New application form and significant revision of the CAPA procedure
The document approves an updated GMP inspection application form. But the most important and significant change for manufacturers is a completely redesigned procedure for implementing corrective and preventive actions (CAPA) after identifying nonconformities.
The algorithm has now been changed: the manufacturer is required to first submit a draft CAPA Plan to the regulator (within 30 days of receiving the inspection report), await its official approval, and only then begin actual corrective actions. Due to this significant change, the time for actual CAPA Plan implementation and the submission of the Report and evidence has been reduced – a strict time limit of 60 calendar days has been set from the date of Plan approval.
Extension of the transition period until 2030
The key point lobbied for by marketing authorization (MA) holders remains unchanged: the transition period has been extended for another three years, until December 31, 2030. This gives companies additional time to gradually bring their dossiers into full compliance with EAEU requirements without disrupting supply chains.
Other important changes:
- Maintaining the geographic scope of MAs recognition.
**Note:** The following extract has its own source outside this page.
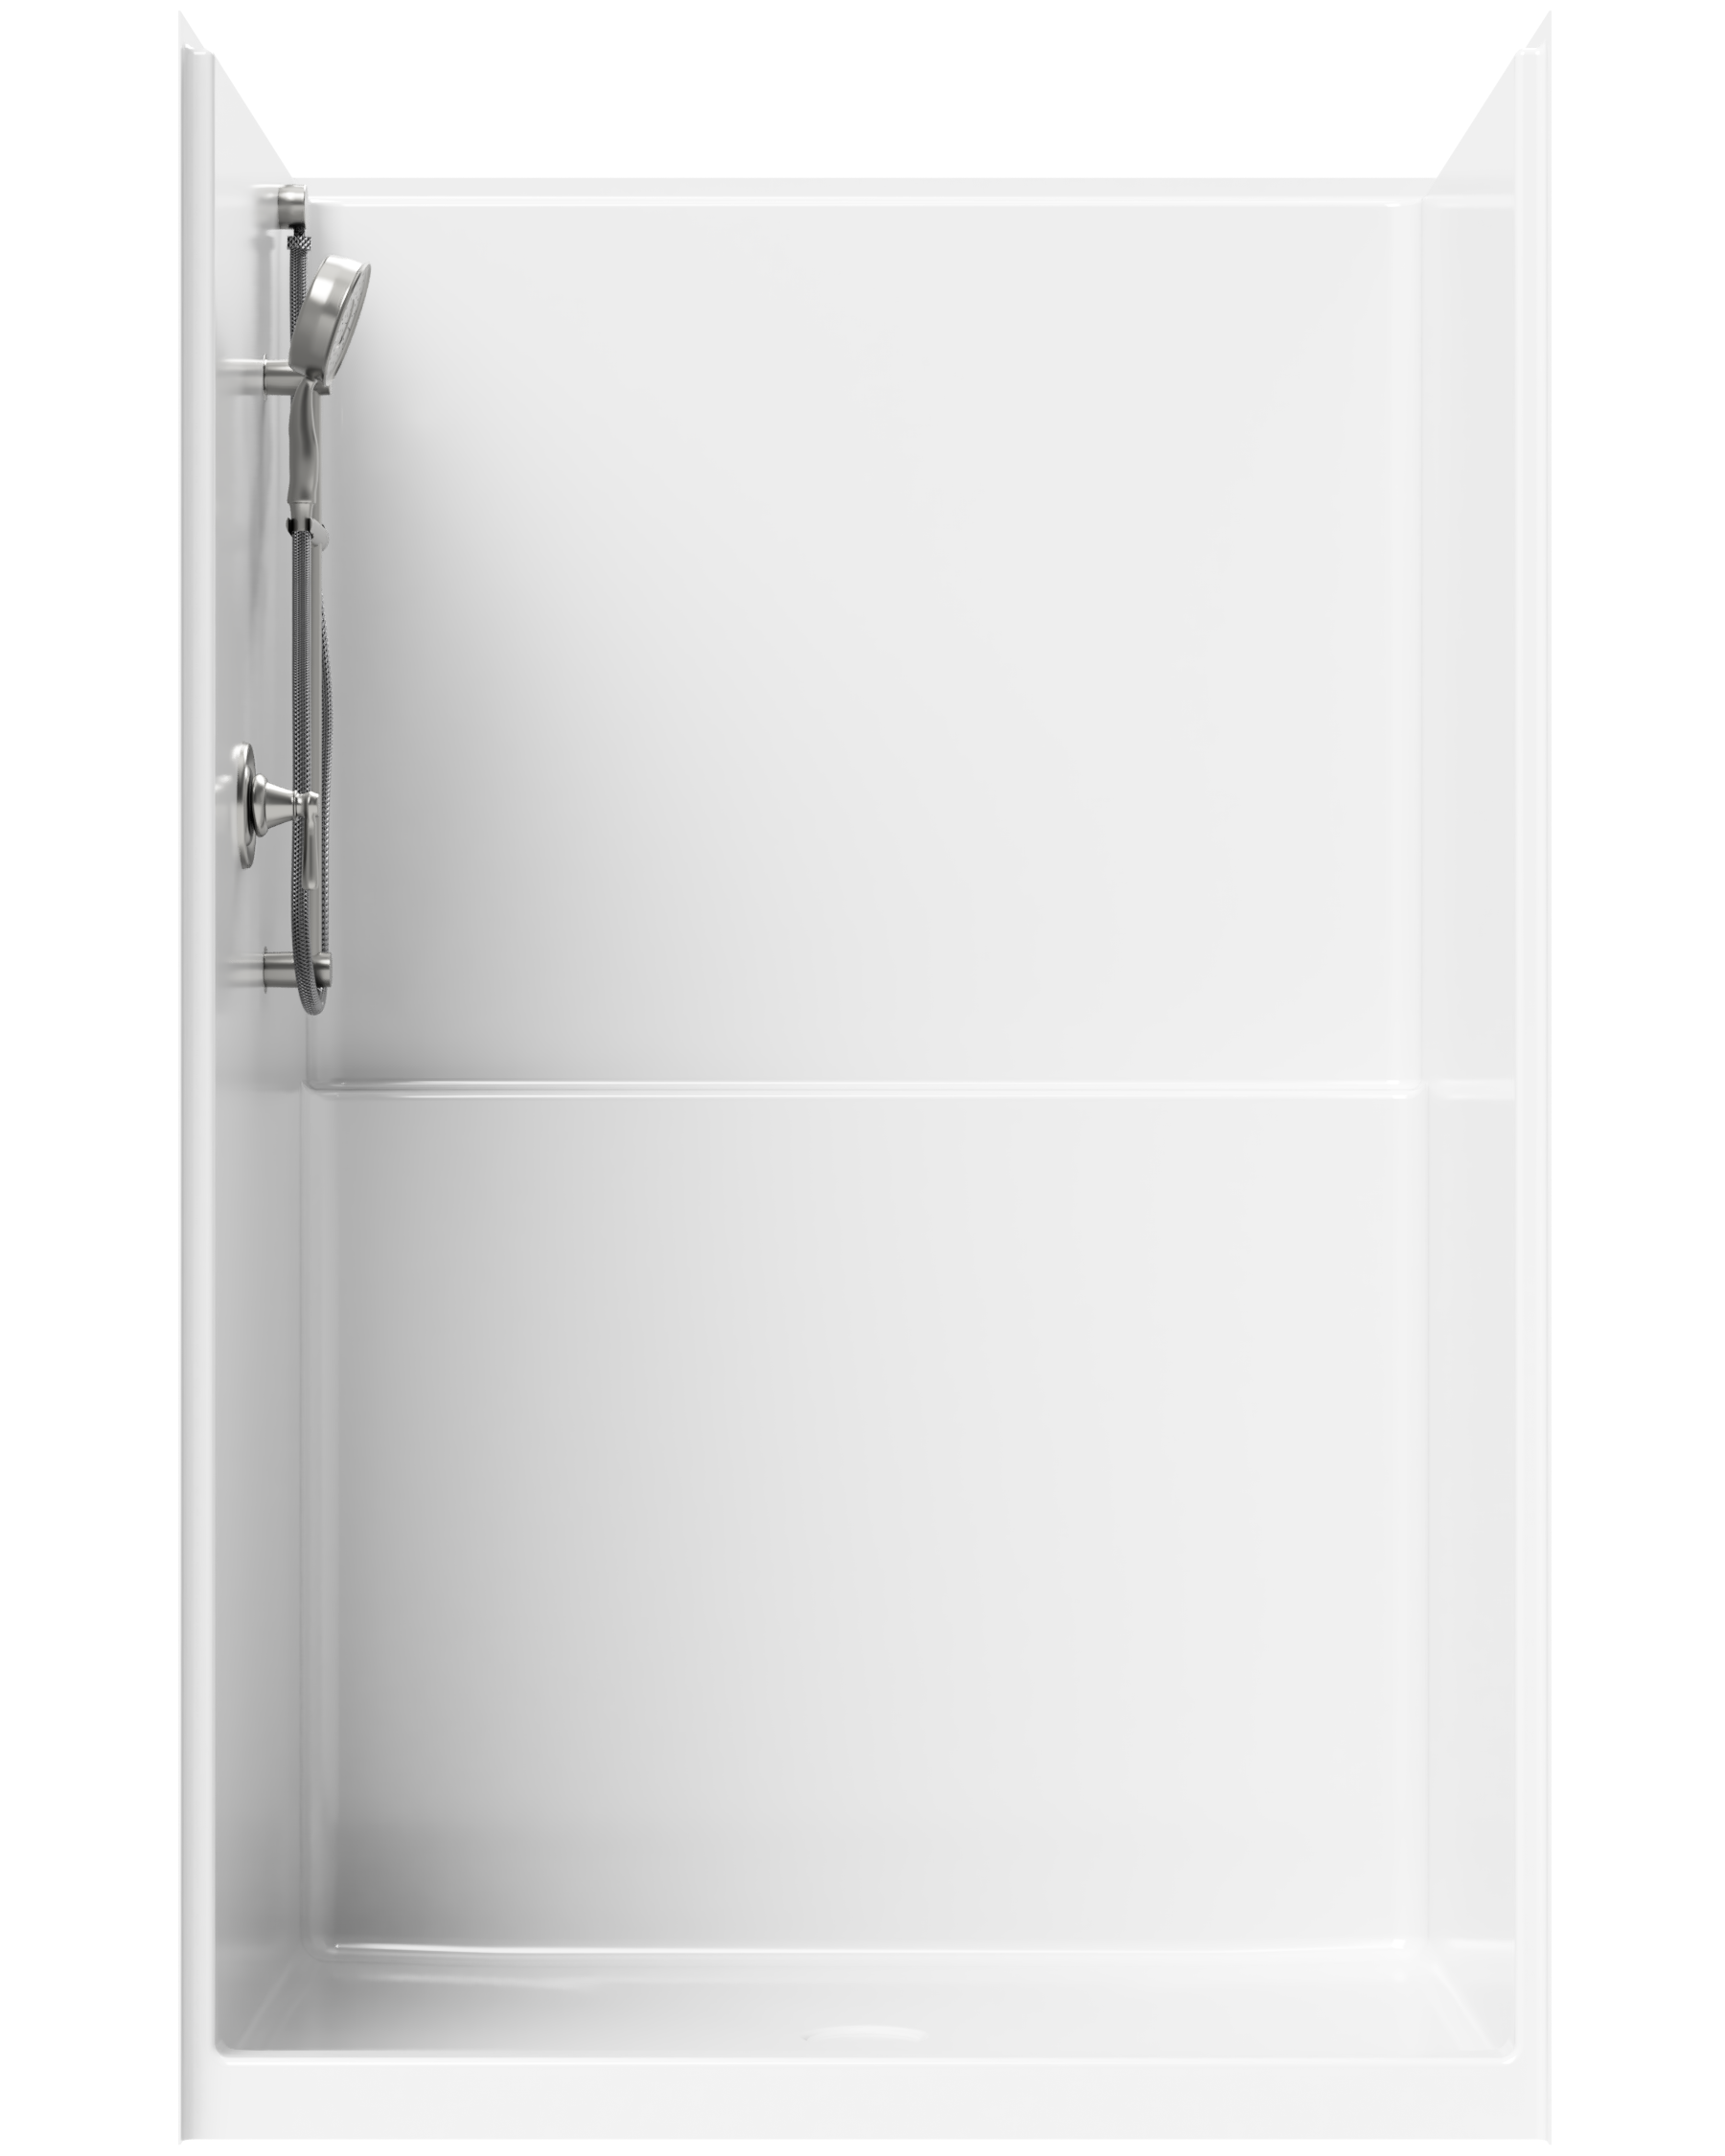 4' Shower with Soap Ledge
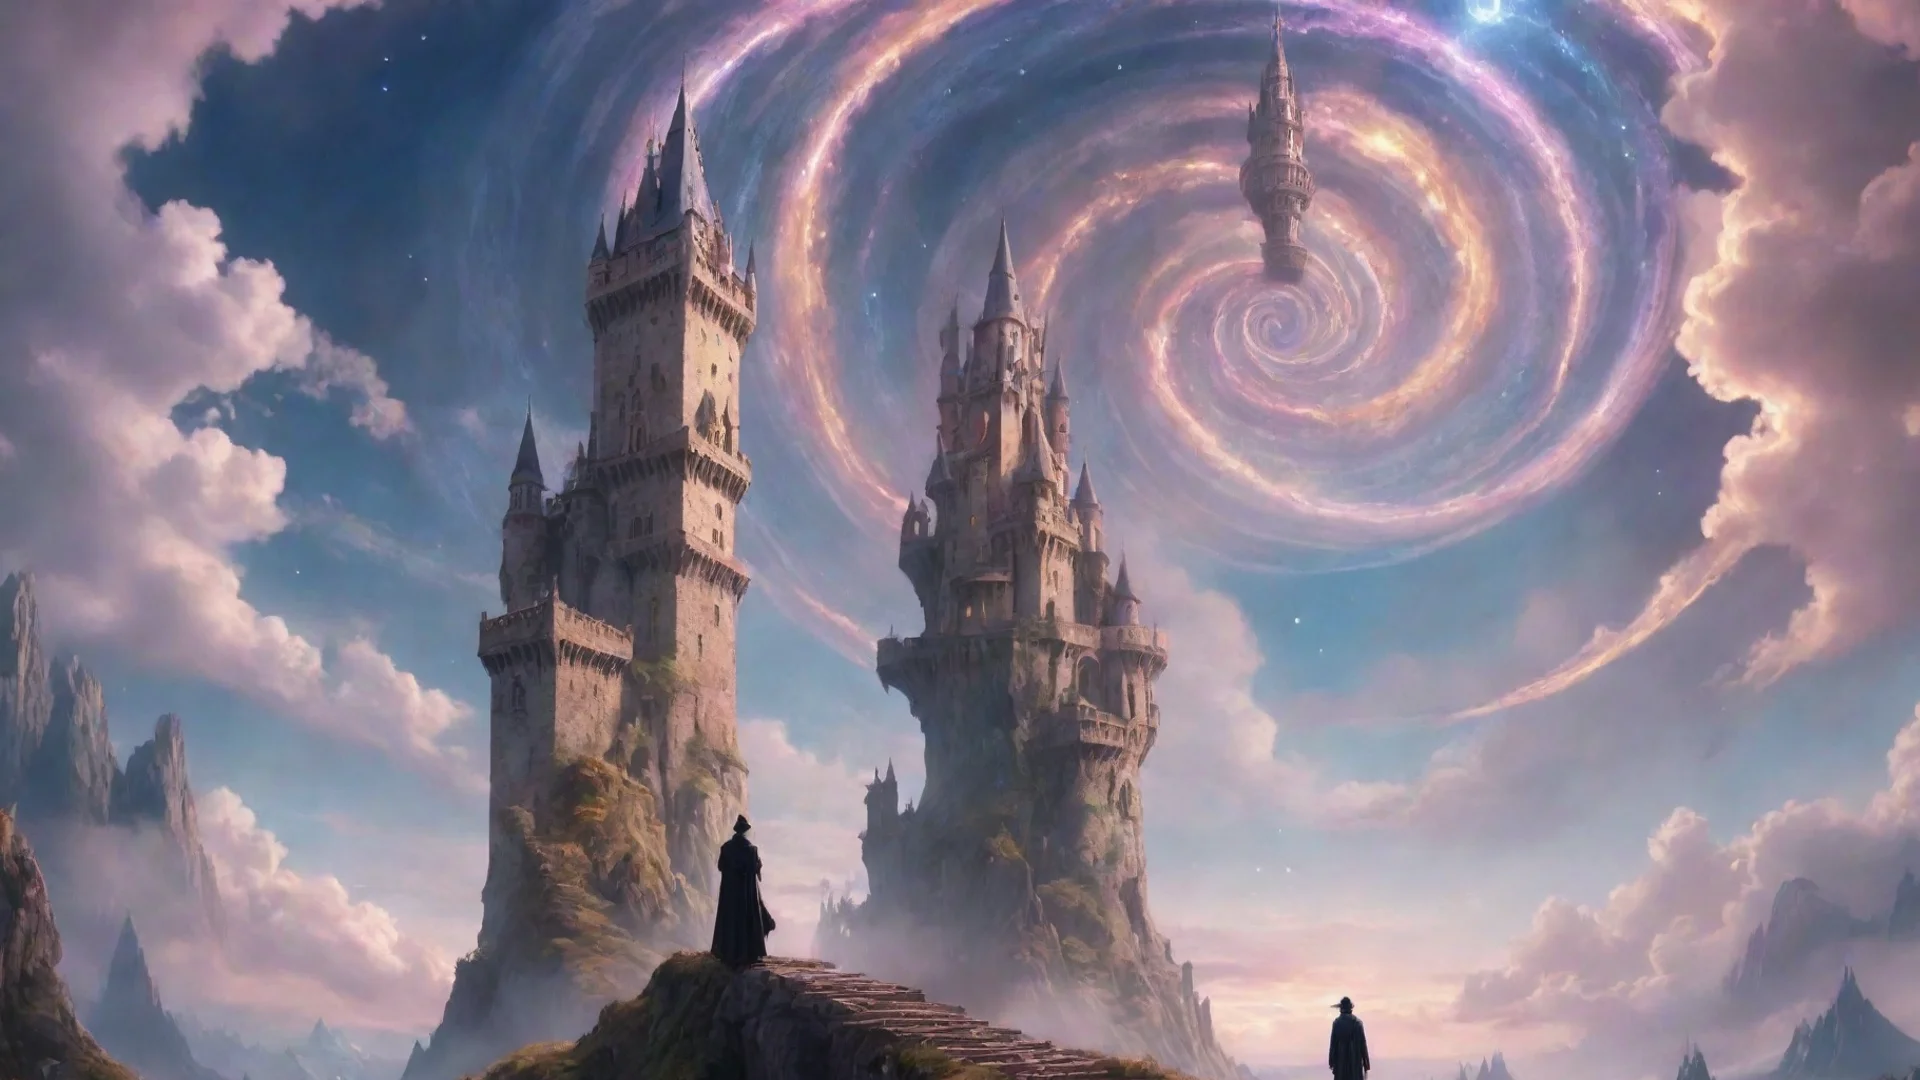 artstation art magical world with a wizard looking a spiraling impossible tower hd aesthetic omg confident engaging wow 3 wide

The ability to maintain the geographic scope of recognition for marketing authorizations amended after March 13, 2024, related to mandatory requirements (e.g., digital labeling or changes to dispensing status) has been established.
- Remote GMP inspections are permitted only in cases of force majeure. The format of remote inspections is officially established but strictly limited to cases where on-site inspector visits are physically impossible (emergency threats, man-made disasters, epidemics, or force majeure circumstances threatening the lives of inspectors). Moreover, the Rules strictly stipulate that once the force majeure circumstances have been eliminated, the next scheduled inspection must be an on-site inspection.
- Circulation of “Union” medicines. The provisions of paragraphs 102 and 208 of the Rules have been clarified: veterinary medicines that have already been registered in accordance with EAEU Rules or whose dossiers have been brought into compliance with Union requirements may be circulated without hindrance until their expiration date.
What does this mean for companies?
In practical terms, the following tasks are paramount for 2026:
- Systematic restructuring of internal processes for preparing for GMP inspections, considering the significant reduction in the time required to implement CAPA Plans (up to 60 days) and the need for their prior approval.
- Portfolio inventory, dividing into national and “Union” MAs.
- Verification of the dossier status and assessment of the impact of changes made after March 13, 2024, on the geographic scope of recognition.
- Risk assessment and preparation for complex GMP inspection formats, considering strict restrictions on remote work for sites in foreign countries with complex logistics.